5 Indian soldiers killed in attack by Pak troops, Parliament outraged - The Times of India


The blood sucking government of India has handcuffed Indian army to retaliate , 
and Antony was shouting they were terrorist in disguise of pakistani army ,


----------



## Harsh Pranami (Aug 6, 2013)

This government has to go. Seriously man! How much our army will take? They keep killing our soldiers and our government simply sits idle giving consolations to the victims. I wonder why they call it "Ceasefire violation". This has happened so many times, it seems like war to me.


----------



## a2mn2002 (Aug 6, 2013)

pakistan di  beep beep


----------



## theterminator (Aug 7, 2013)

No big deal. We have learned to embarrass our armymen when it comes to LOC. If the January beheading didn't raised eyebrows, what makes you people believe that anything would change. Even Mumbai 2008 did NOTHING. On the other hand, we have blasts taking place regularly. Sadly, Pakistan controls India today . 

& stupid media... yesterday, I thought, a war was going to be held on Timesnow's Newshour program the way they promoted their primetime show . They think that everything can be solved infront of the goddamn camera.

It makes me laugh when I hear officials saying Kasab got a fair trial & India didn't arbitrarily kill him & this & that & thereby pretending to show that India is a fair country but in the same country people with less or no influence get arbitrarily punished for no fault of theirs .


----------



## GhorMaanas (Aug 7, 2013)

just now watched our bas*turd* FgnM's chatter with a reporter. the usual vocal goo that "...we have been dealing with such situations calmly and effectively before too, and will keep doing so..."

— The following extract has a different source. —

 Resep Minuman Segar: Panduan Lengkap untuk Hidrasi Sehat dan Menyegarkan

such are the situations when as citizens we feel atrociously helpless and seething with infinite rage! 
this country doesn't deserve to be called a 'friend' of israel!


----------



## lywyre (Aug 7, 2013)

I am worried that Indian army may not be capable of handling all the enemies beyond our border, thanks to the corrupt government. We already know about the Bofors scandal and the never ending failures of the MIGs. But we don't know much about our current defence capability, do we? 

Why is our military backing off from within our own borders upon intimidation by China? 
Why is not the government giving any strong message towards China or Sri Lanka? 
What is the contribution of DRDO to our defences in the past decade? 
Does the government have any time frame or intention to reclaim PoK beyond LoC? 
What are the government's views towards military threat from China and Pak? 
How much are we prepared for war, in case that happens?


----------



## GhorMaanas (Aug 7, 2013)

as per defence analysts, there is indeed scarcity of resources for a 'full-scale face-off', but for precision strikes & to drive home some needed lessons, we are more than ready & equipped!

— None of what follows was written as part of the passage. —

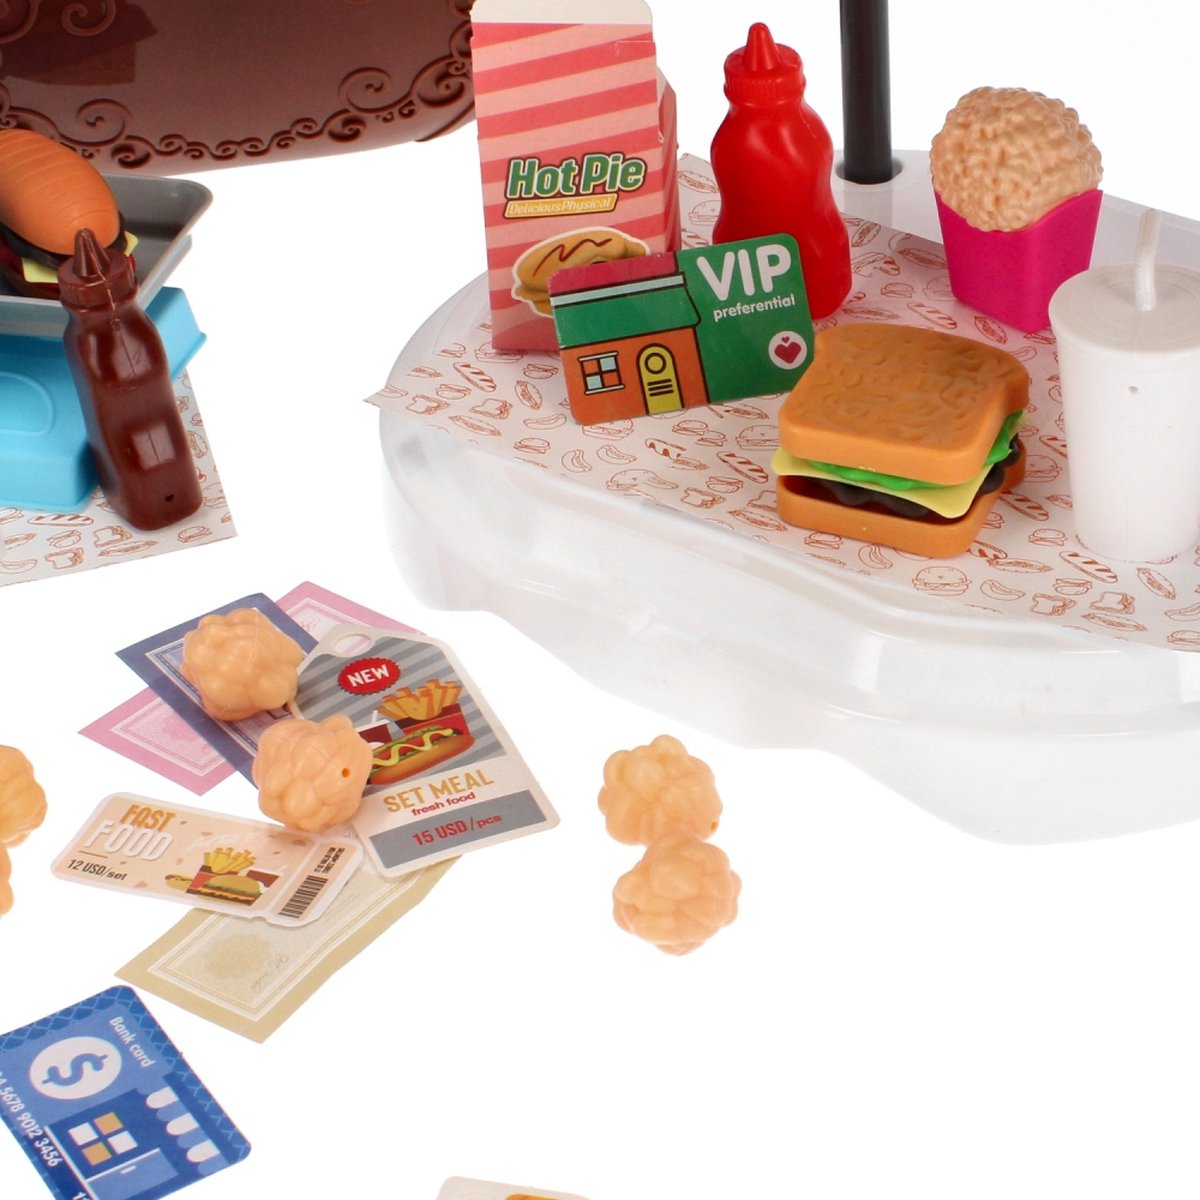 <tc>Ariko</tc>  Spielzeugkoffer Fast-Food-Laden 58 Teile - Hamburger, Popcorn, Saucen, Zangen und vieles mehr - praktischer Koffer zum Mitnehmen

what is sorely, utterly, most grievously lacking is, the correct 'state of mind'. that has been so since decades. taking cue from the yuvraj of arse-lickers - "cowardice, is a state of mind!"

am now seriously inclined to think that either of these may very well be true:

- the jokers at the centre are in some serious cahoots & mutual understanding with the porkis; either in monetary terms, or in some other pact. the extremely difficult to imagine level & 'intensity' of their 'inaction' & indifference leads one to think like this.

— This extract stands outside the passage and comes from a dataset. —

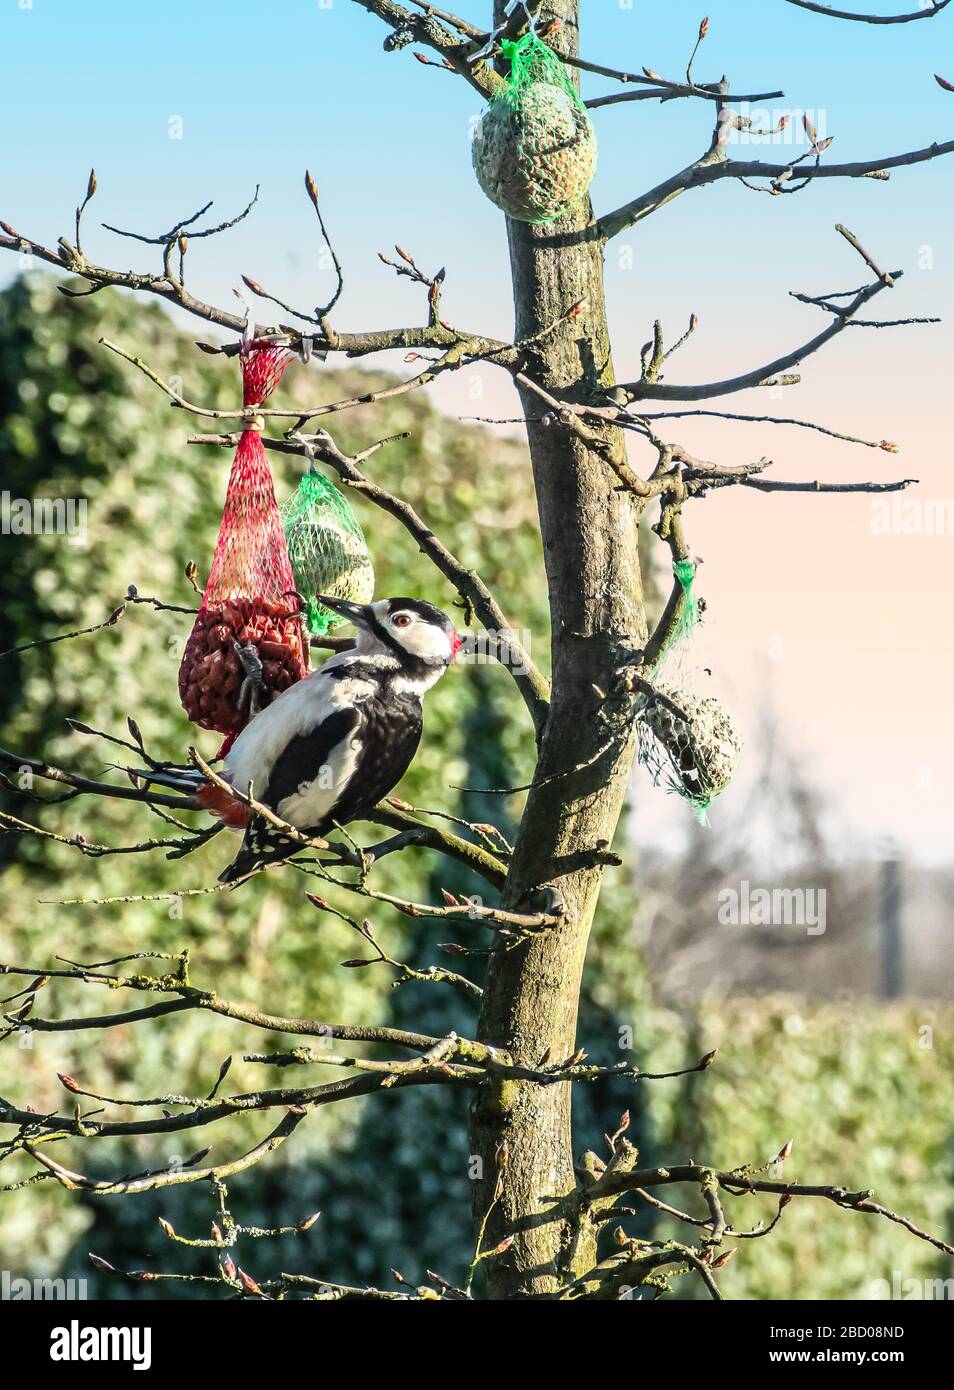 Un grand pic à pois est accroché dans un arbre de hêtre chauve, mangeant des arachides d'un filet d'alimentation d'oiseaux un beau matin dans un jardin belge formel. Oiseau mâle. Banque D'Images

- manmohan's family is being held hostage or is under house-arrest on orders of madam.

- and if not, then manmohan is some advanced form of AI developed by the US or Italy may be, a robot you may say, who has been covered very well with human-tissue and given a head much resembling a real human head, and which is programmed to just obey commands and provide some feedback when appropriate input is fed into it. the original manmohan of yesteryears is either also being held captive, or has passed on to the other world.

alright, this last one is exaggerated, but check the pictures and video-footage flashing in the news today of manmohan, and i bet you would also feel like this!


----------



## avinandan012 (Aug 7, 2013)

Spoiler



Our PM : hum is ghatana ki sakt ninda karte hai.
Paki terrorists 1:dekh sale chutiye ko. Do saal mein kitna ninda ki hamari.

rest paki terrorists: all burst into laughter


----------



## GhorMaanas (Aug 7, 2013)

it seems madam and her pets only get furious when faced with corruption-claims and charges! for other things, they have the 'weapons' of "kadi ninda, bhartsana, aalochana, kadi-se-kadi, saqht-se-saqht kaarrawaai!"


----------



## Flash (Aug 7, 2013)

Our neighboring countries know that (thanks to media fights/shows) Indian government is not (strong enough) in a strong position to do anything physically or even issue strong opposition, but only invite those country ambassodors for a tea party with Shri Salman Kurshid. We already doomed on all sides.


----------



## lywyre (Aug 7, 2013)

China, on the outside, is shaking hands with India. But on the behind, they are attacking India with aggressive diplomacy with Sri Lanka, Bhutan and Burma. Not to forget their military ties with Pakistan. China is the biggest threat to India, not Pakistan. Oops. I take that back. Congress is the biggest threat to India, by their selfish motives and lack of political will. Like a former US diplomat said, Congress will stoop down to any level to remain in power. We all know that.


----------



## Flash (Aug 7, 2013)

lywyre said:


> China is the biggest threat to India, not Pakistan. Oops. I take that back. Congress is the biggest threat to India, by their selfish motives and lack of political will.


----------



## GhorMaanas (Aug 7, 2013)

with the evil acts that this wicked party is going on committing & the gall with which it is defending itself, justifying its actions, and has let loose its ugly frontline pitbulls to launch attacks on its opposition, in a consistent and continuous series/manner, it all the more shows that it's heading towards a decisive destruction, which, i sincerely pray, should be once-and-for-all, and it shouldn't be able to now gather its (dim)wits ever again!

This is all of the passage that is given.